Мамонт сморгнул слёзы, нетвёрдой рукой взял посох:
— Что же, я повинуюсь року.
— Теперь ты не станешь укорять, что я изменил судьбу?
— Нет, Стратиг.
— Ура!
— Ура, я Странник…
Он повернулся спиной к солнцу и пошёл на восток. Мрачный взгляд Стратига холодил затылок, и даже когда парковая дорожка скрылась за чёрными стволами лип, Мамонт ощущал его и сдерживался, чтобы не оглянуться. Он вышел на высокий и ветреный берег Волхова и остановился, опершись на посох.
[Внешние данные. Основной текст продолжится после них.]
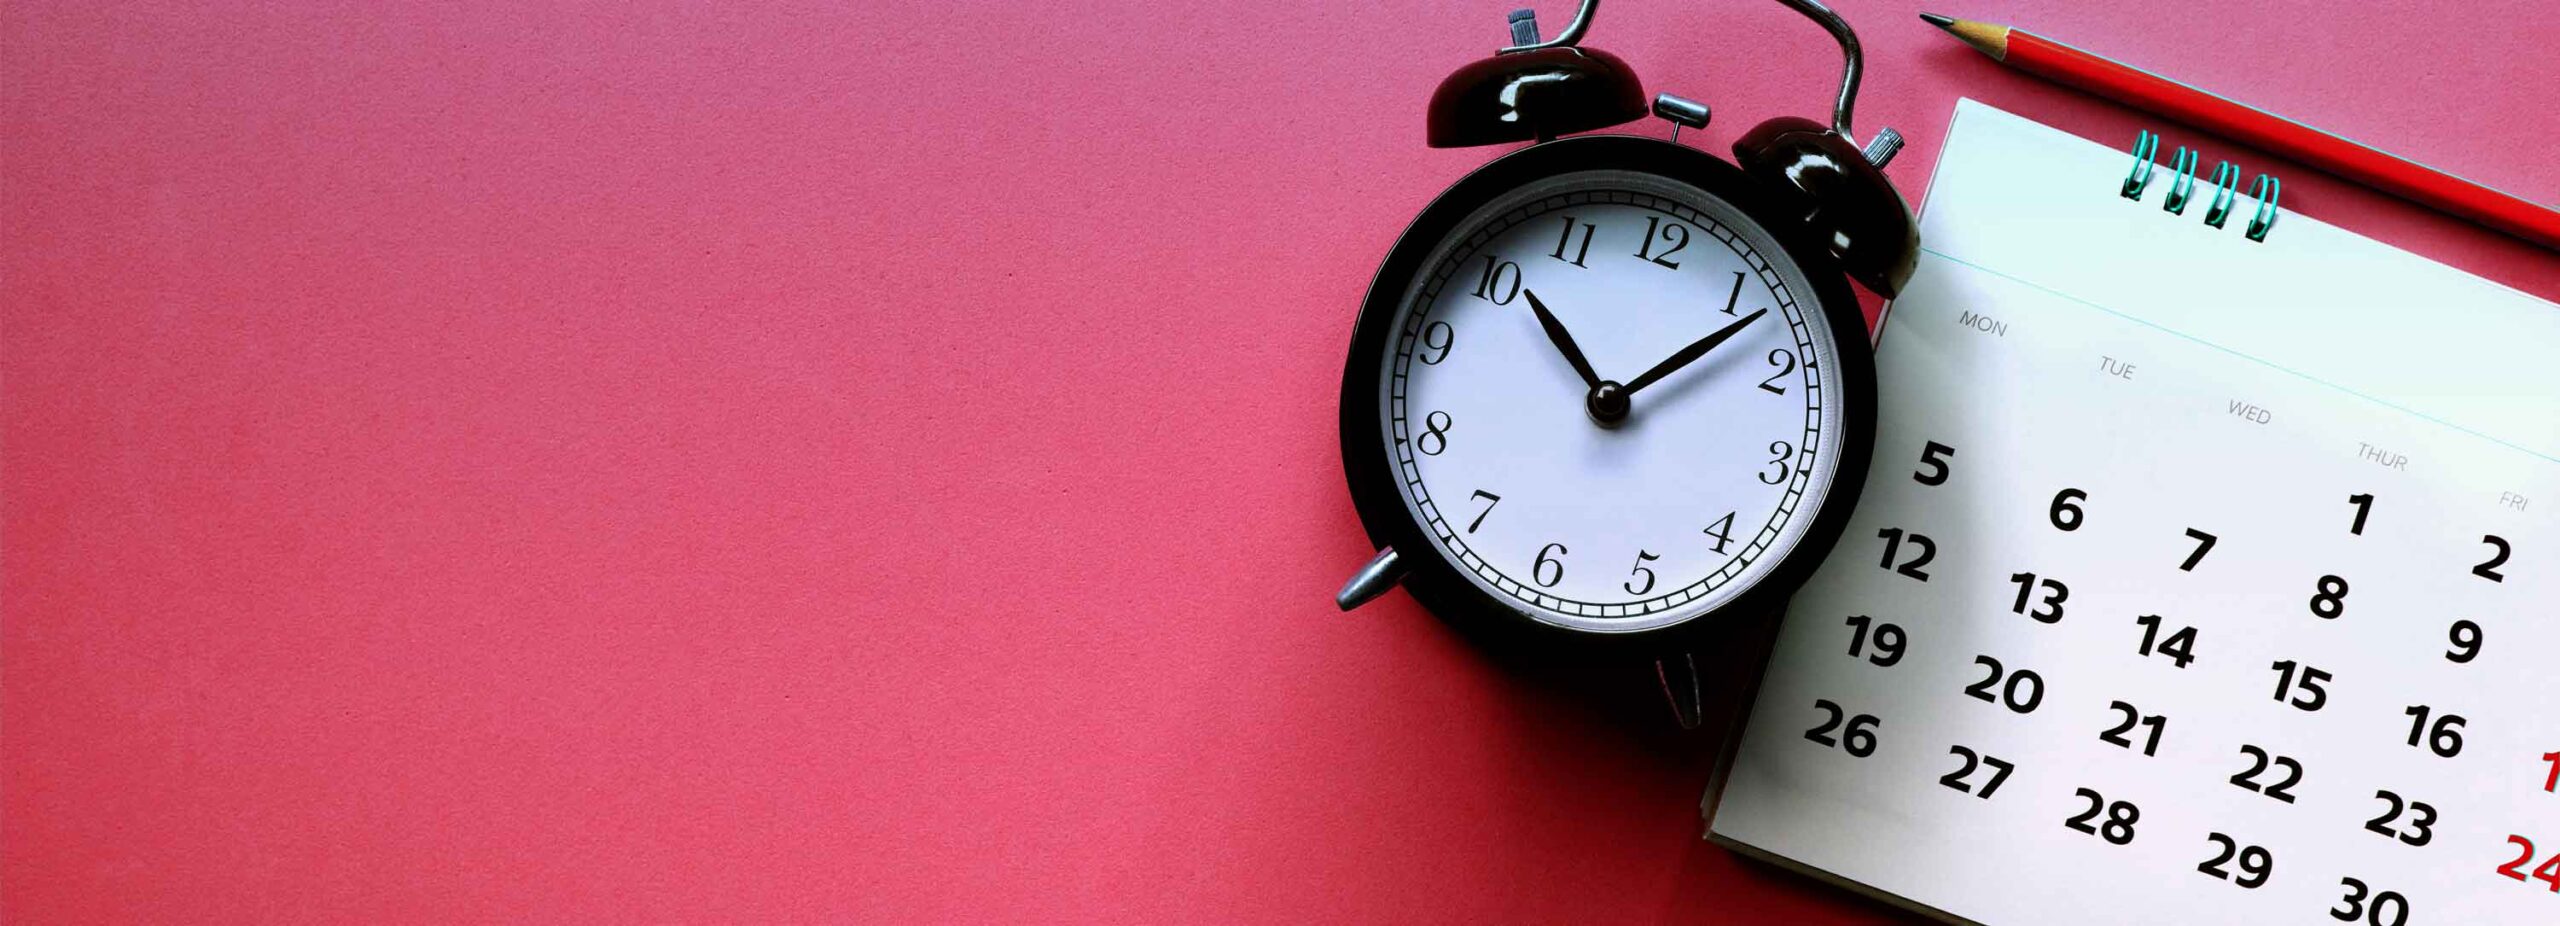 horloge et calendrier pour symboliser la durée de la garantie constructeur

Тёмная вода играла багровыми бликами, словно осколками разбитого сосуда. Через несколько минут солнечная дорога истаяла, погрузилась в воду, и с востока, из-за реки, начал медленно подступать мрак.
Он не ощутил ни свободы, ни облегчения, присущих на первый взгляд всякому страннику. Перед ним были открыты все стороны света, но воля и уверенность закатились вместе с солнцем, и теперь, прежде чем куда-то двигаться, следовало привыкнуть к своему новому состоянию. Сидя у воды на берегу реки, которая была сутью великого пути из Варяг в Греки, пути с Севера на Запад, Мамонт признался себе, что никогда не знал и не знает своей судьбы, что всегда принимал желаемое за действительное и Стратиг наказал его — подал ему посох странника. Полная воля и никаких обязанностей ни перед кем. Можно идти куда глаза глядят, делать всё, что заблагорассудится, и жить где хочется…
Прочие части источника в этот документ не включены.